Copy the data below exactly, omitting any picture it contains.
**** Dataset extract ****
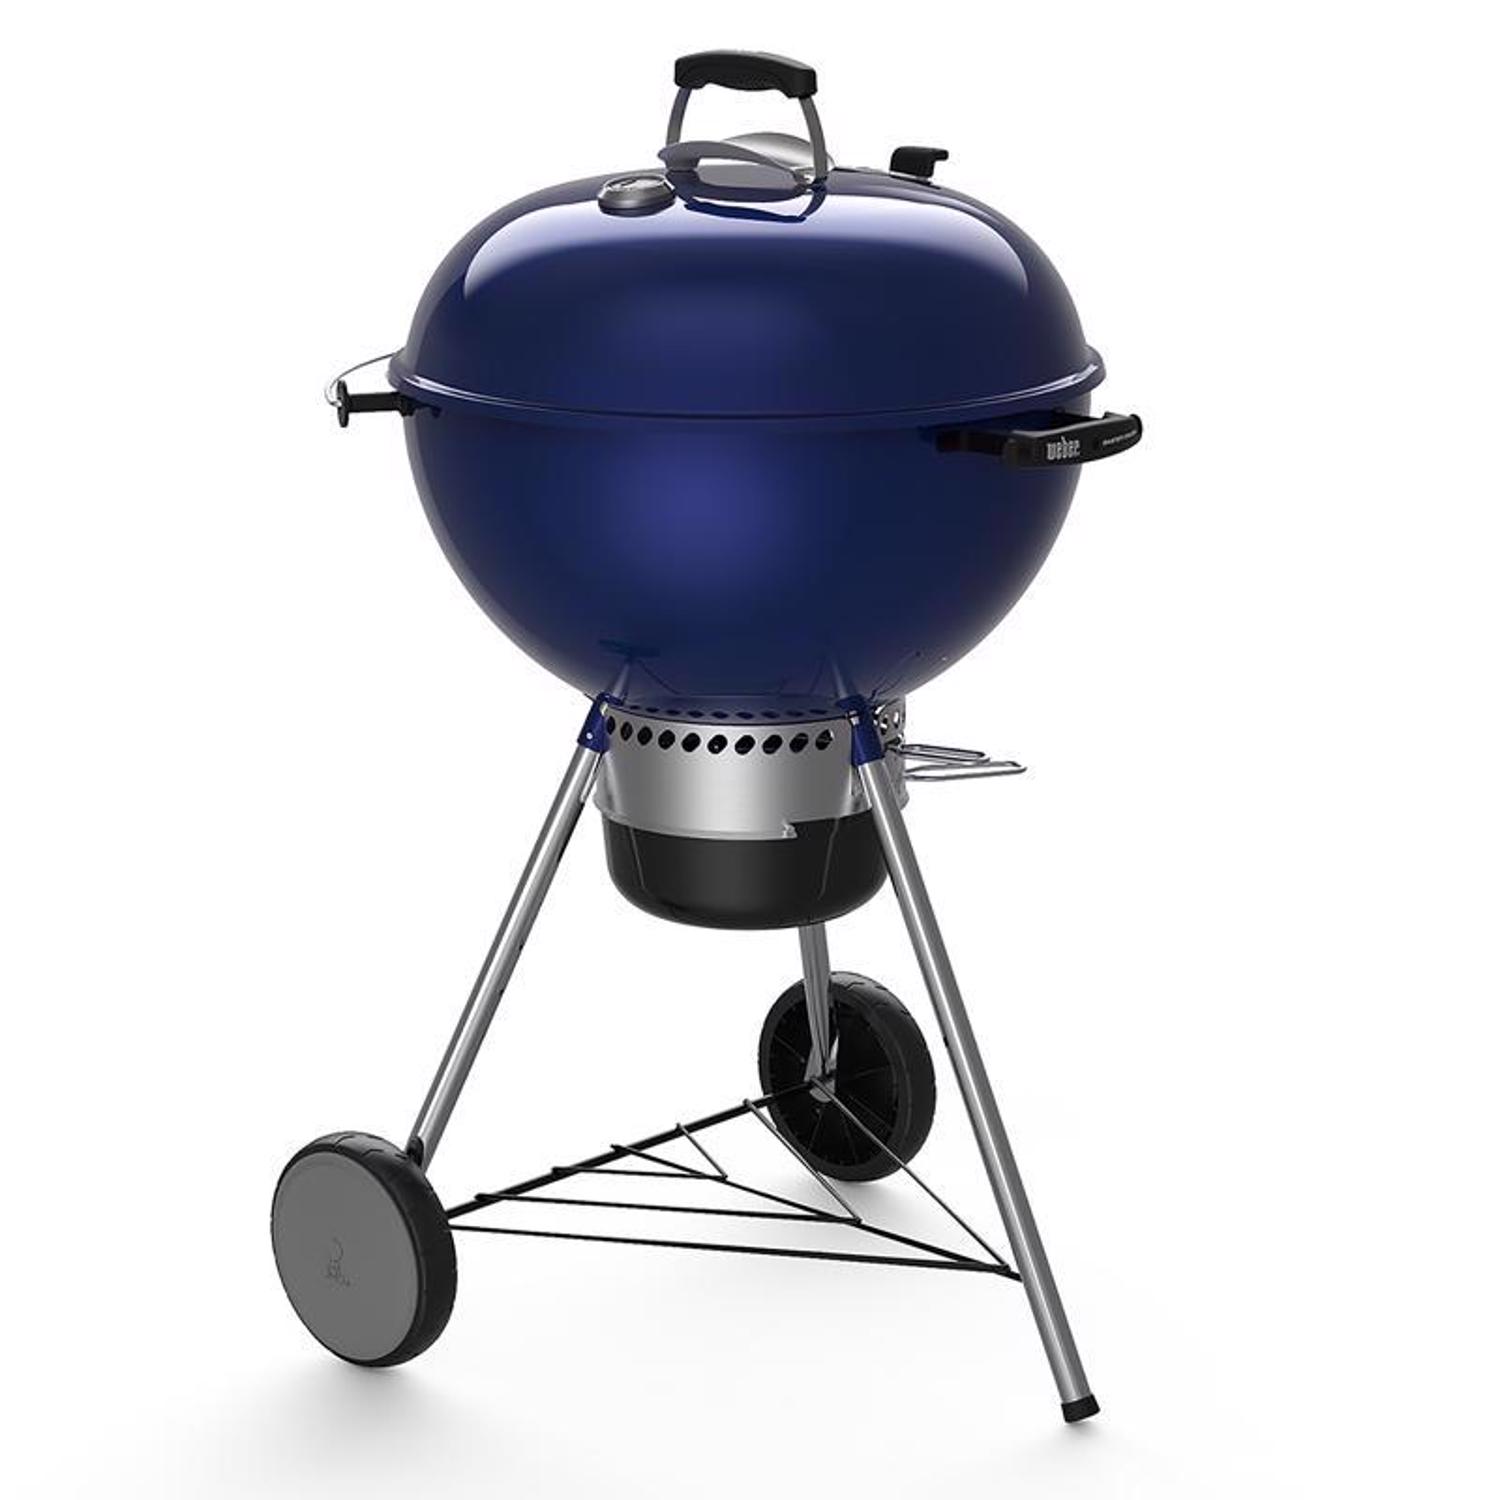 Weber 22 in. Performer Charcoal Grill Black - Ace Hardware
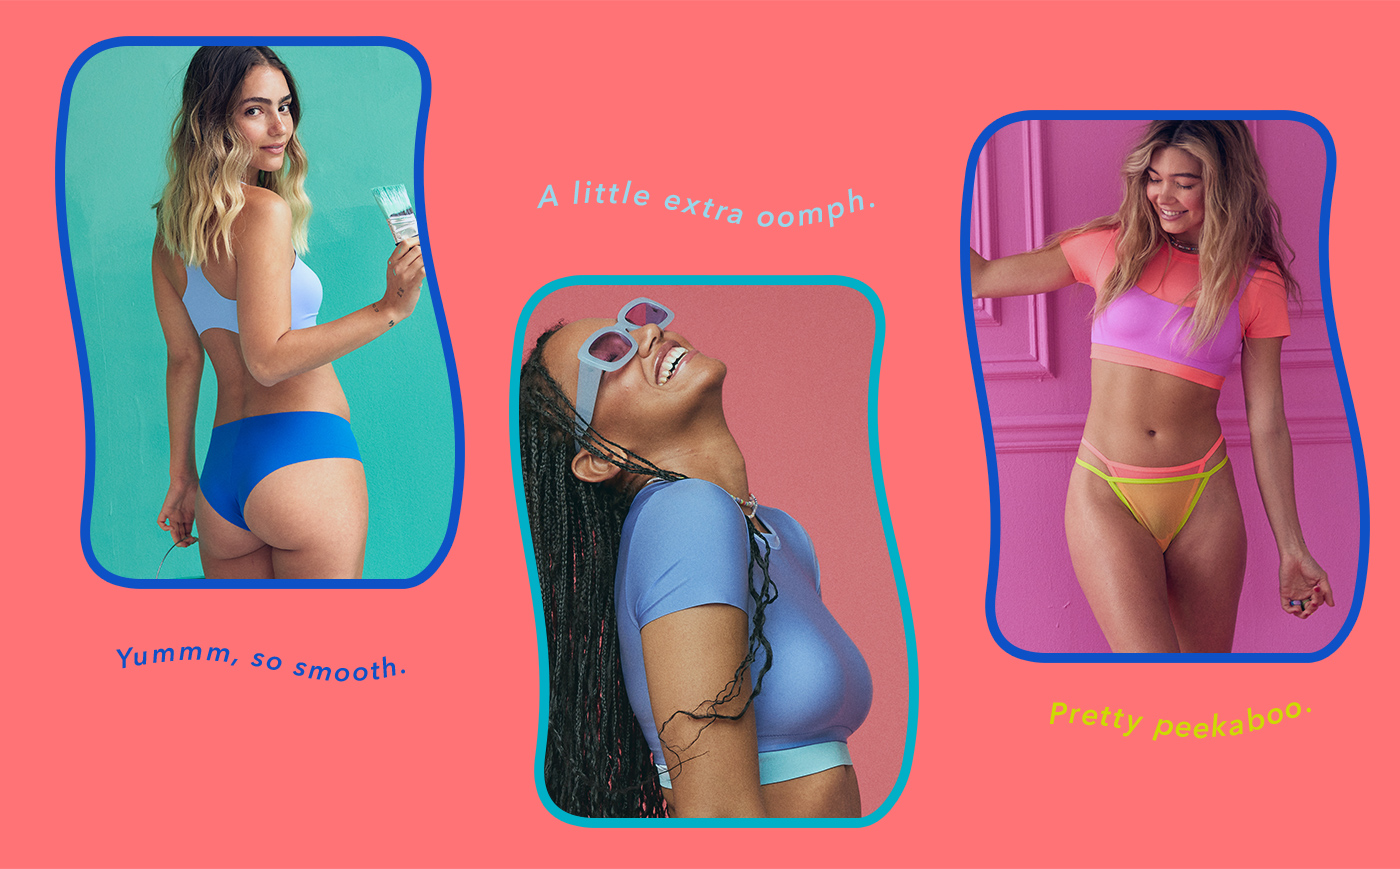 Introducing the SMOOTHEZ by Aerie™ Lookbook! - #AerieREAL Life
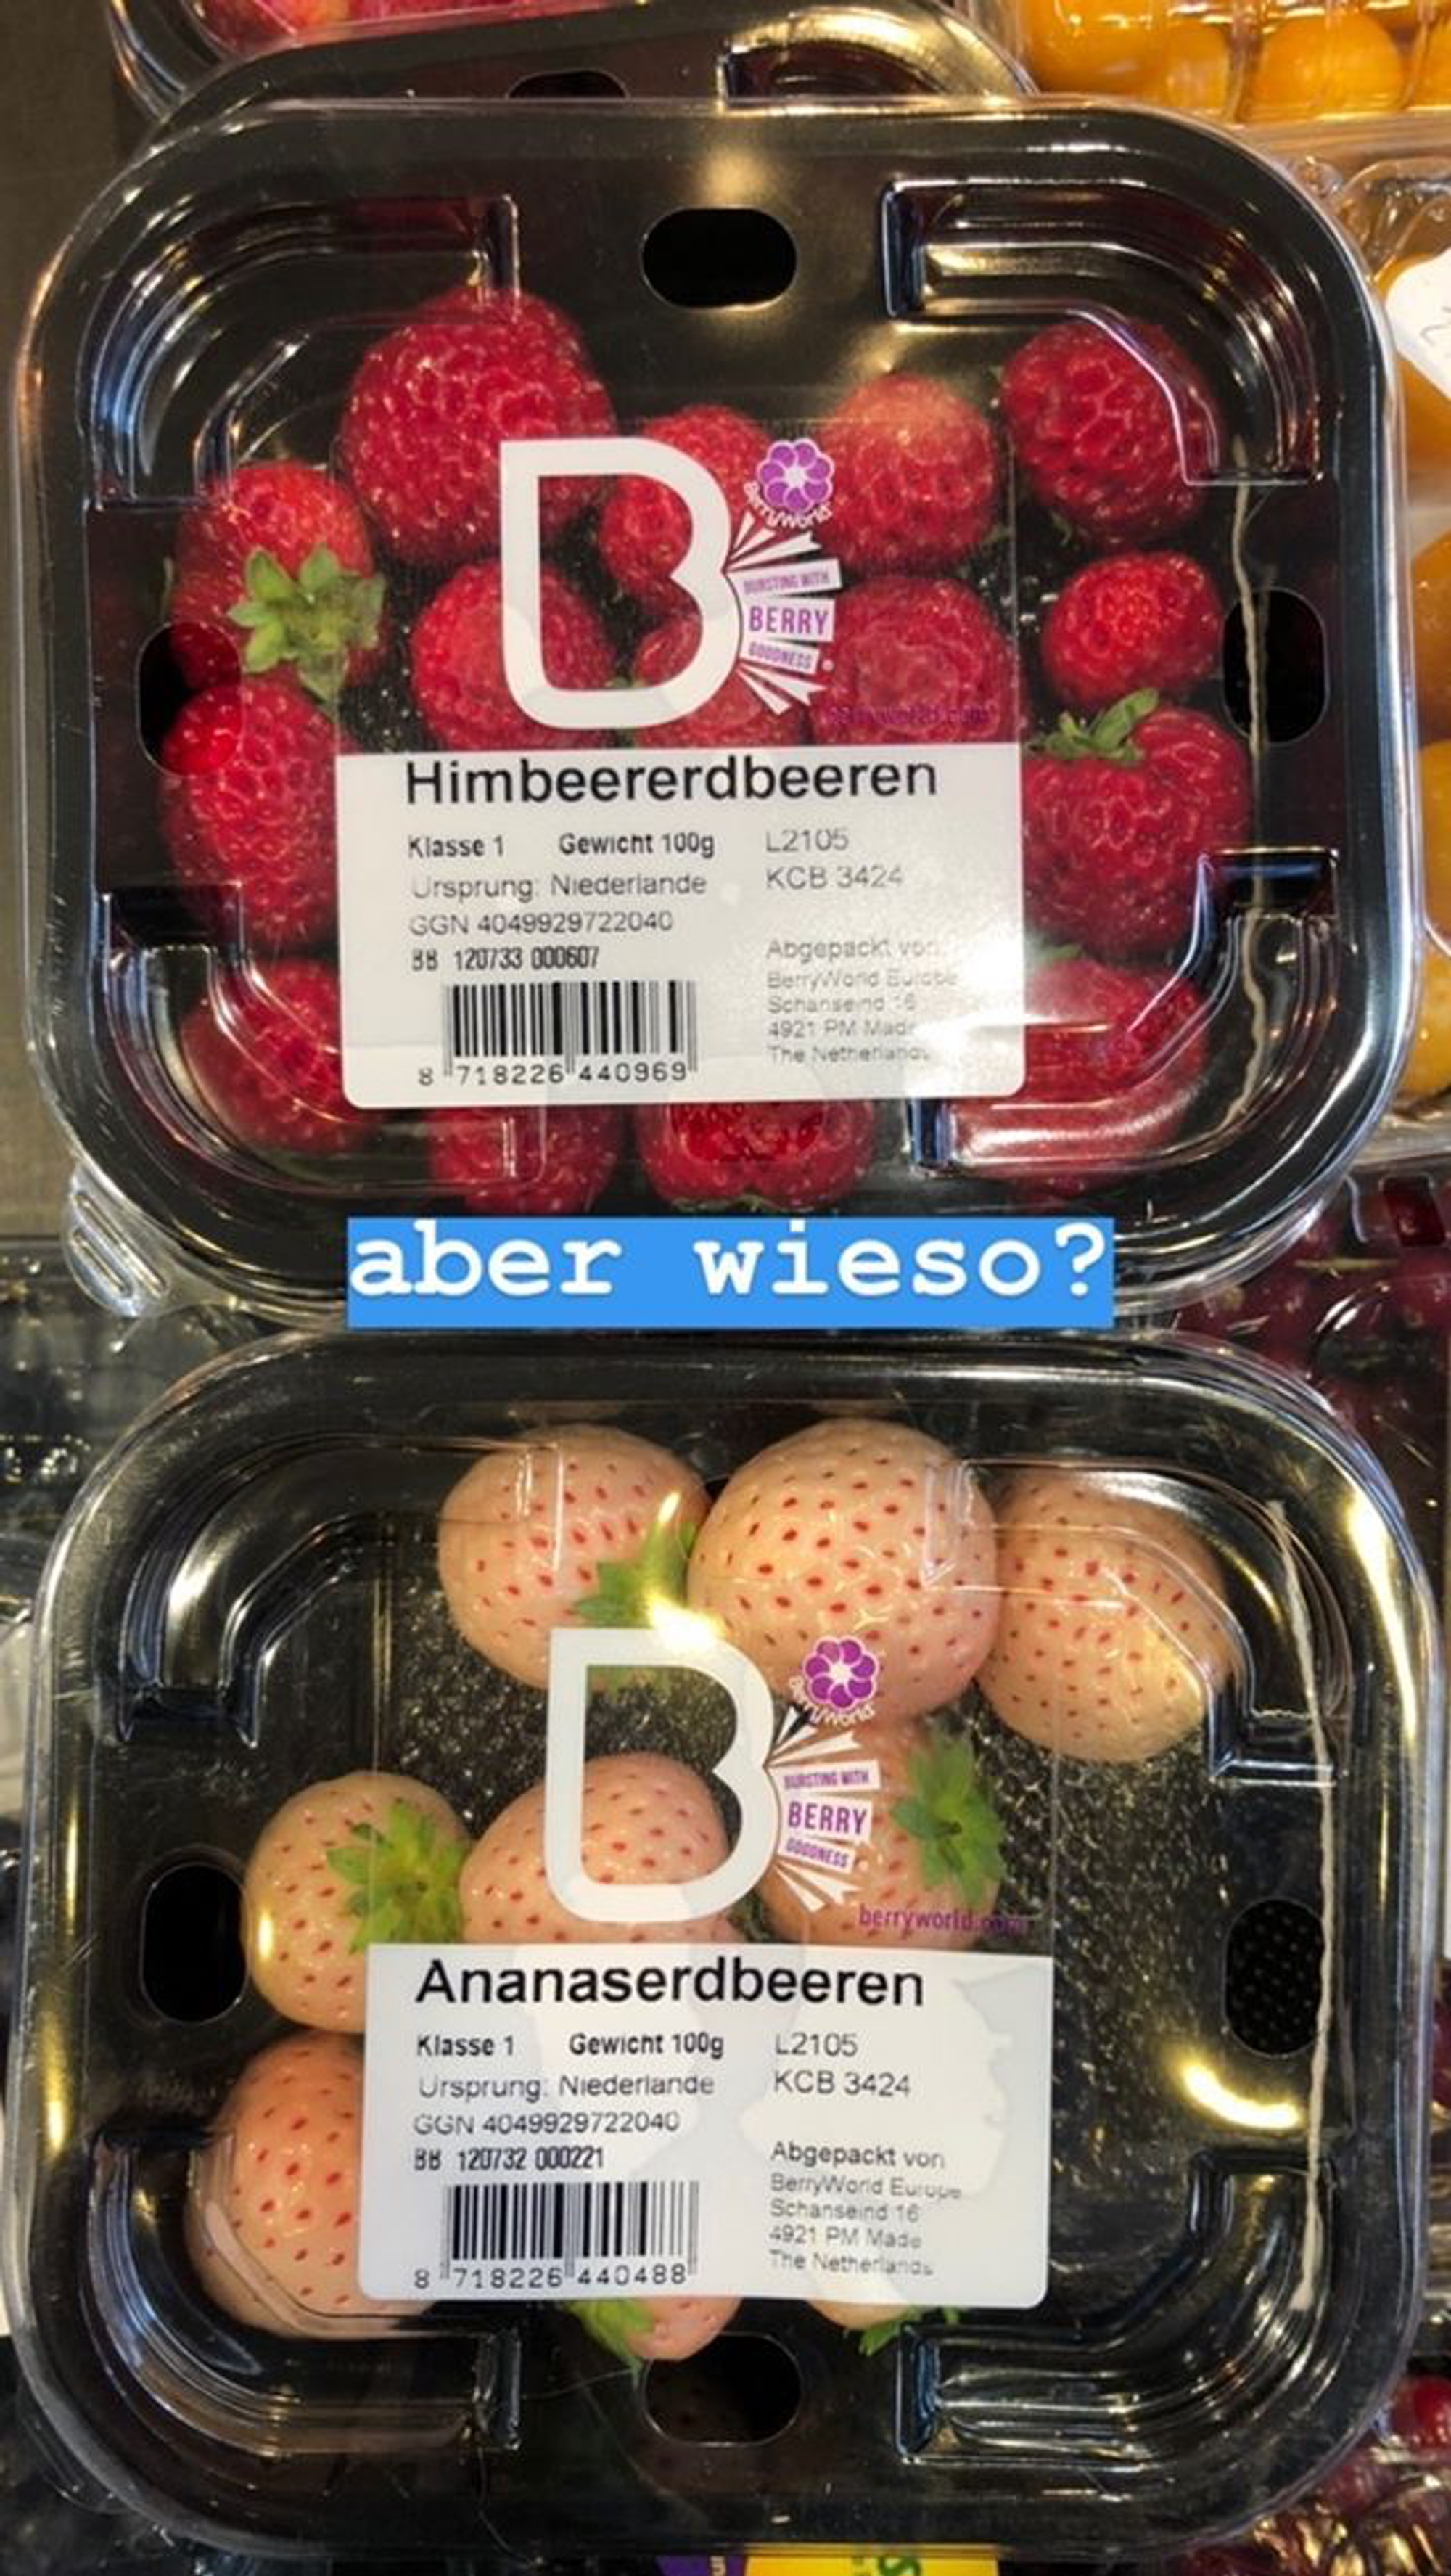 Where inpiration came from: genetically manipulated strawberries from The Netherlands.
****
→ The completed task:
 Weber 22 in. Performer Charcoal Grill Black - Ace Hardware
 Introducing the SMOOTHEZ by Aerie™ Lookbook! - #AerieREAL Life
 Where inpiration came from: genetically manipulated strawberries from The Netherlands.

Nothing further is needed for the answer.